╔══

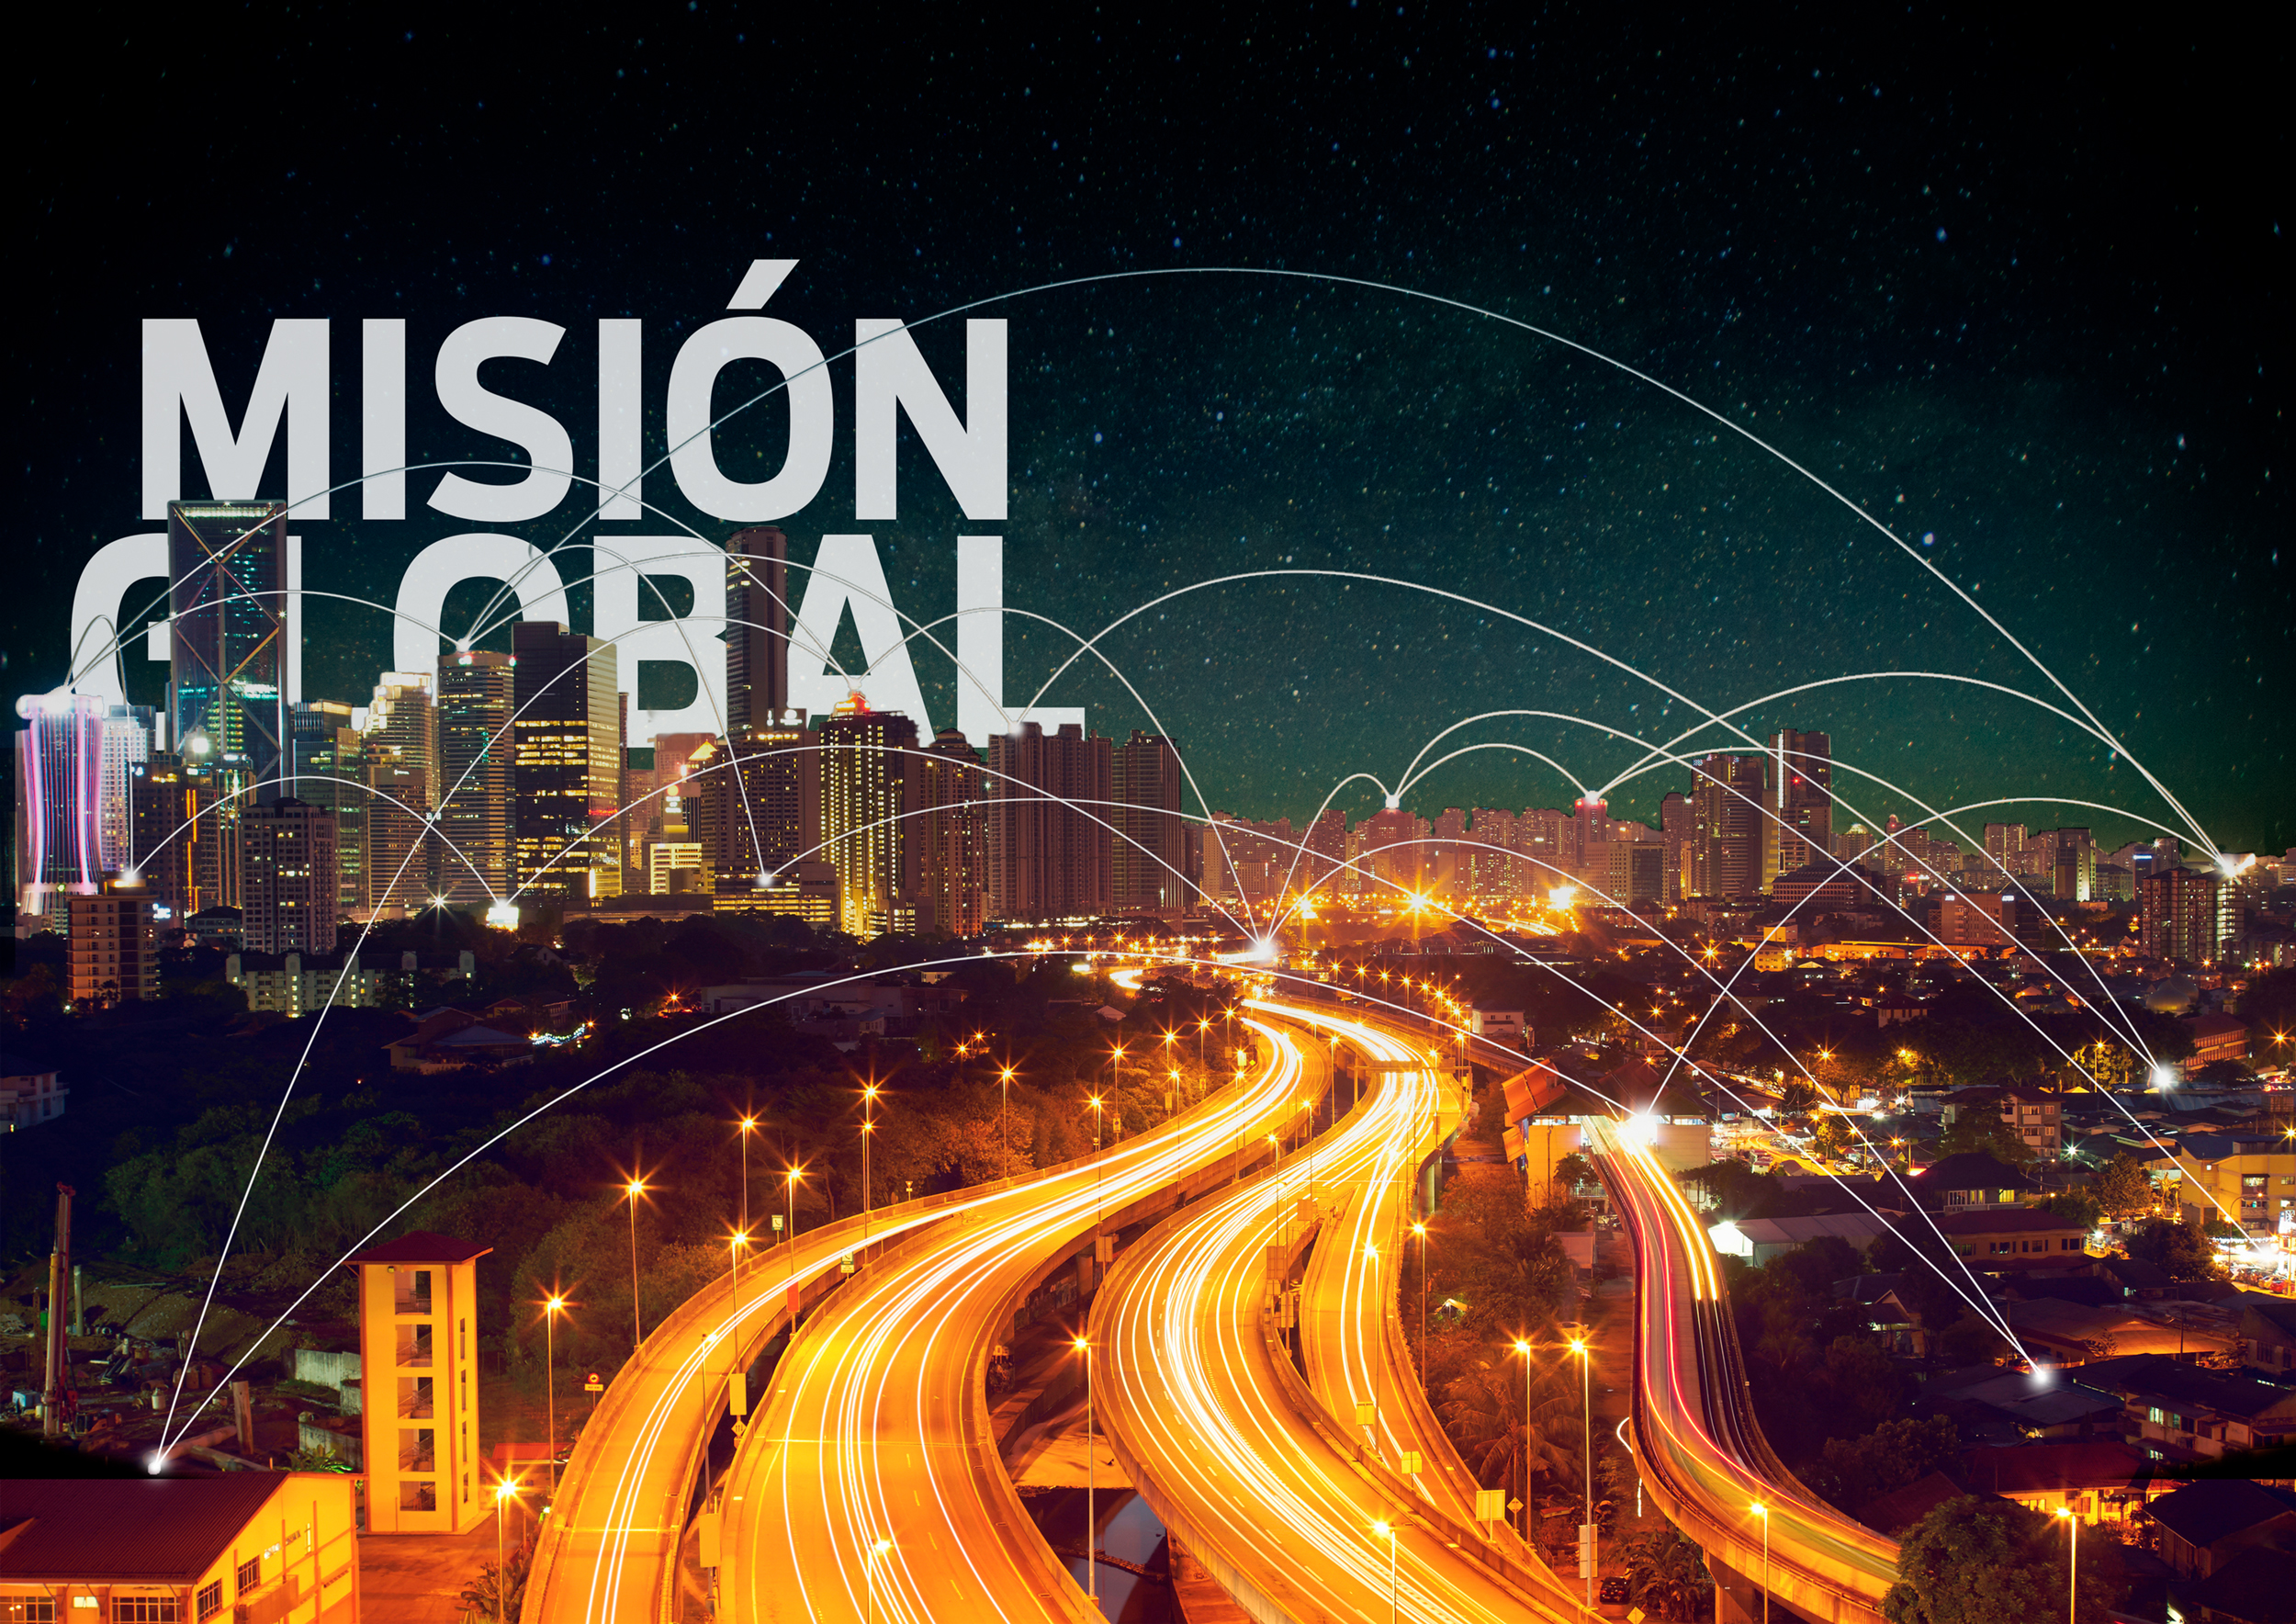 Mision Global - RA Noviembre 2017
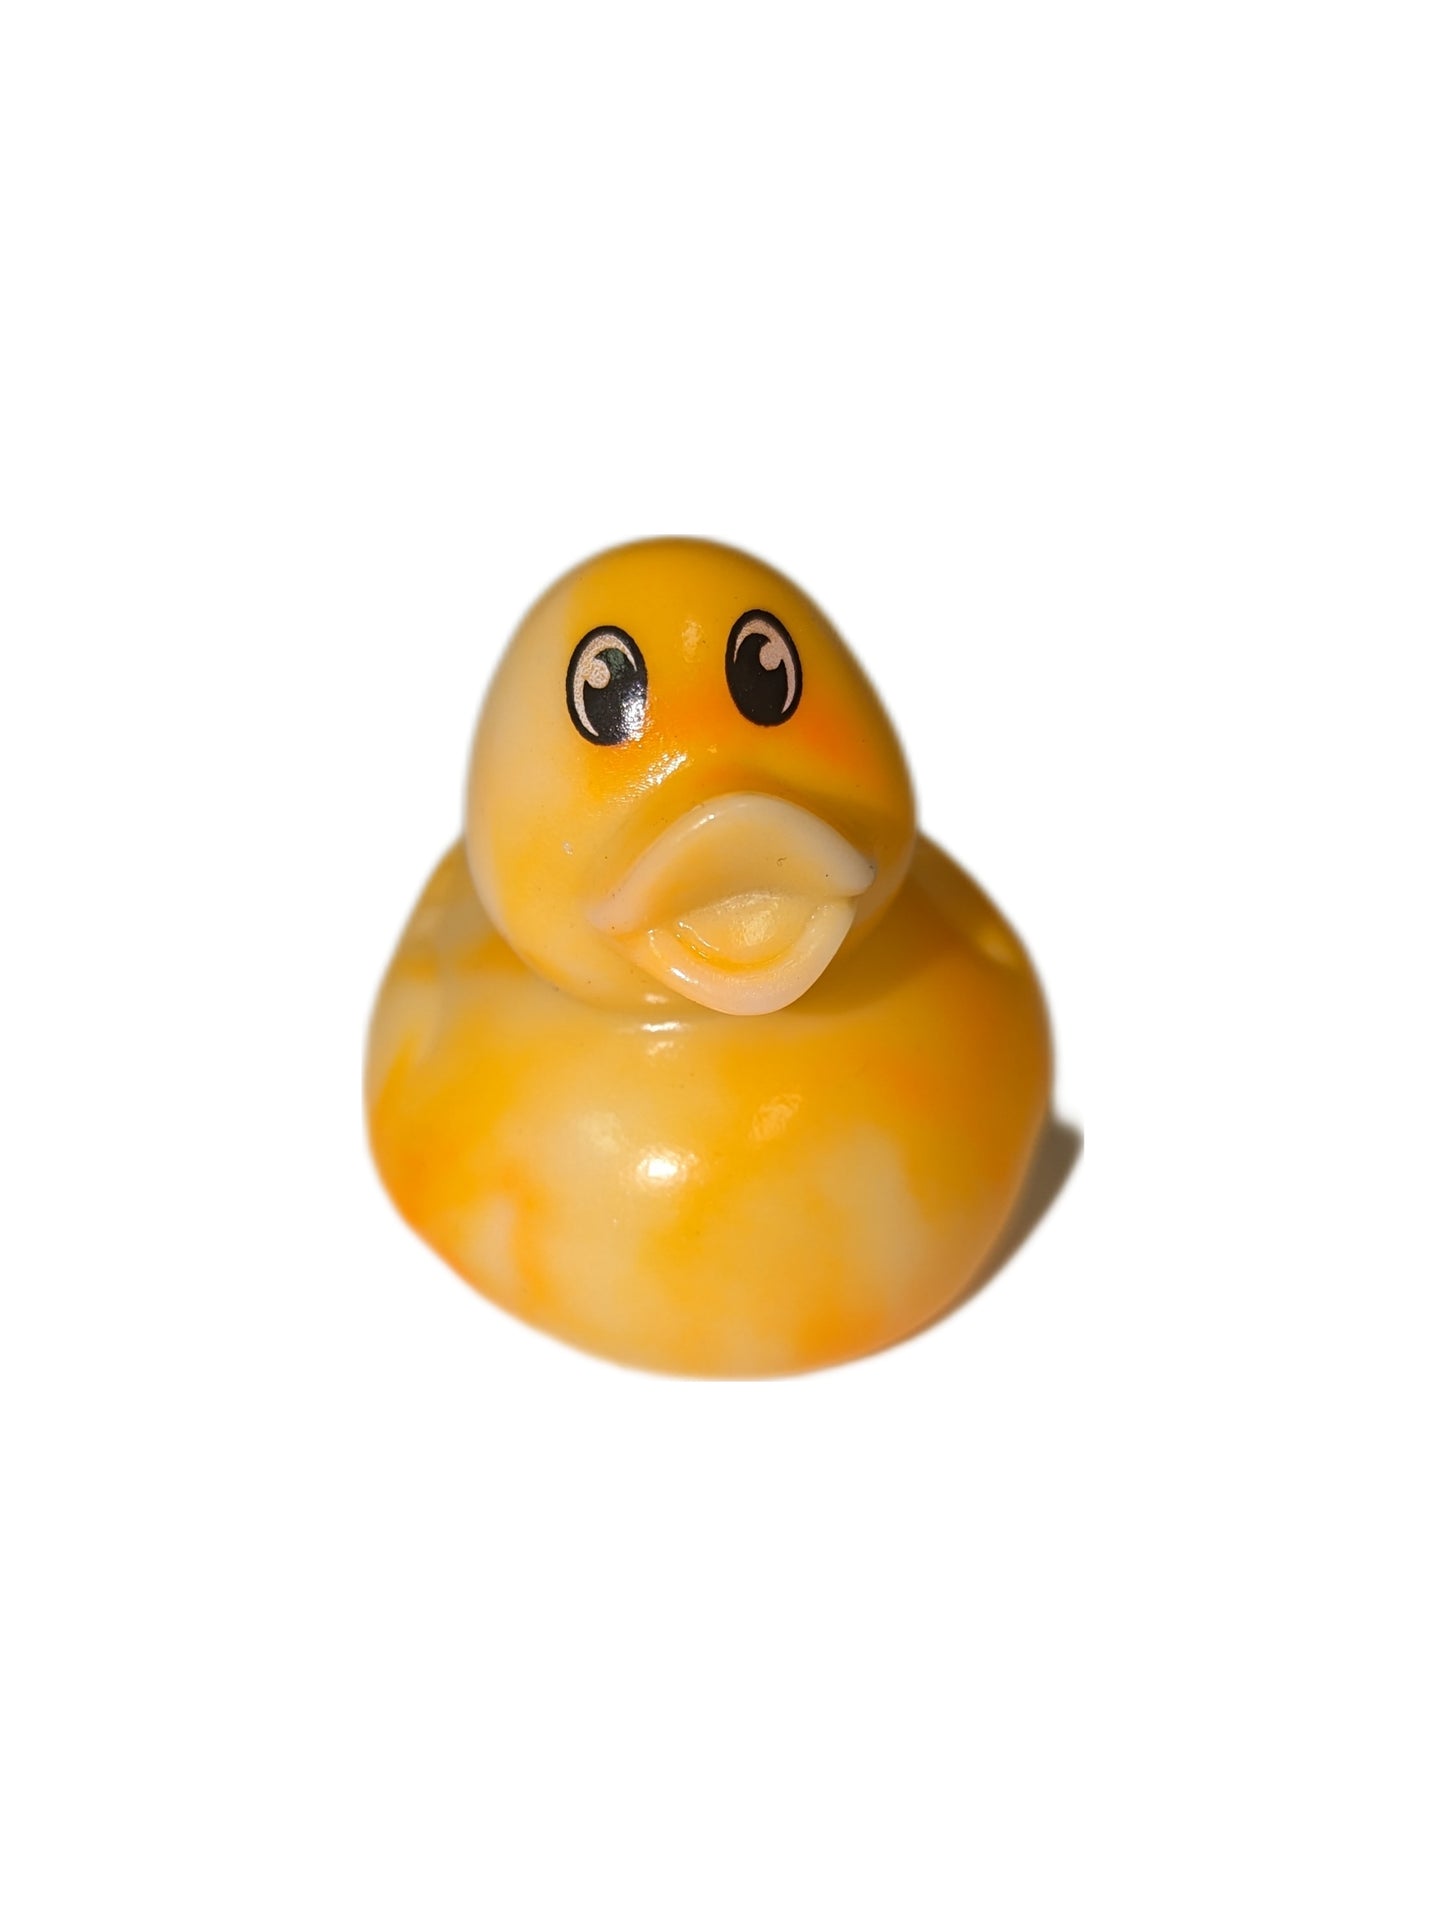 10 Marbled Yellow Ducks - 2" Rubber Ducks
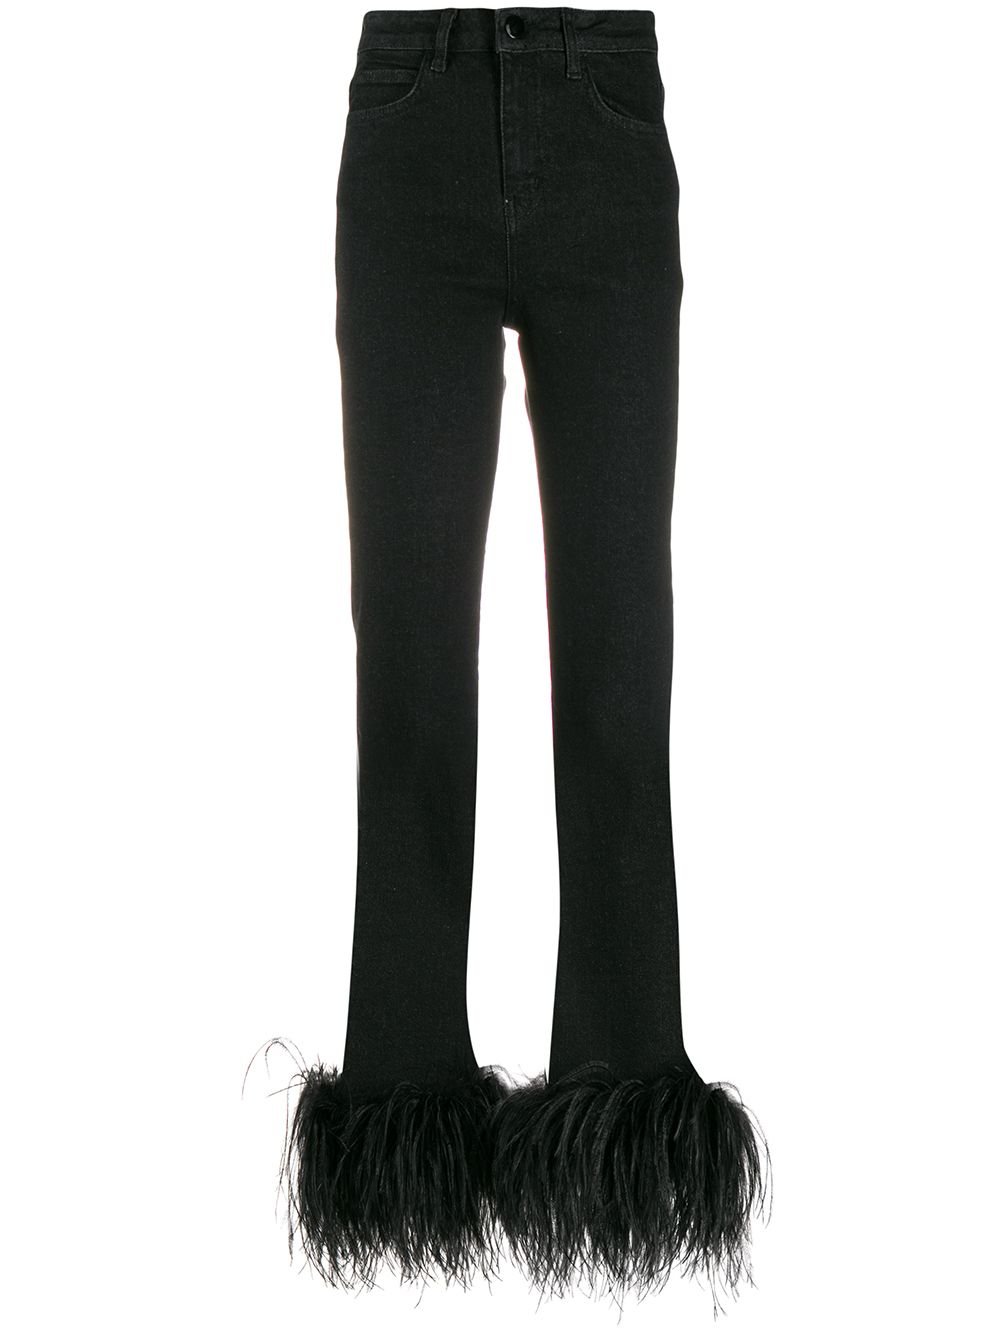 16Arlington - Ostrich feather embellished jeans

╚══

Where pictures sit among the data above, omit them, and output the rest exactly.

### Answer for the task
 Mision Global - RA Noviembre 2017
 10 Marbled Yellow Ducks - 2" Rubber Ducks
 16Arlington - Ostrich feather embellished jeans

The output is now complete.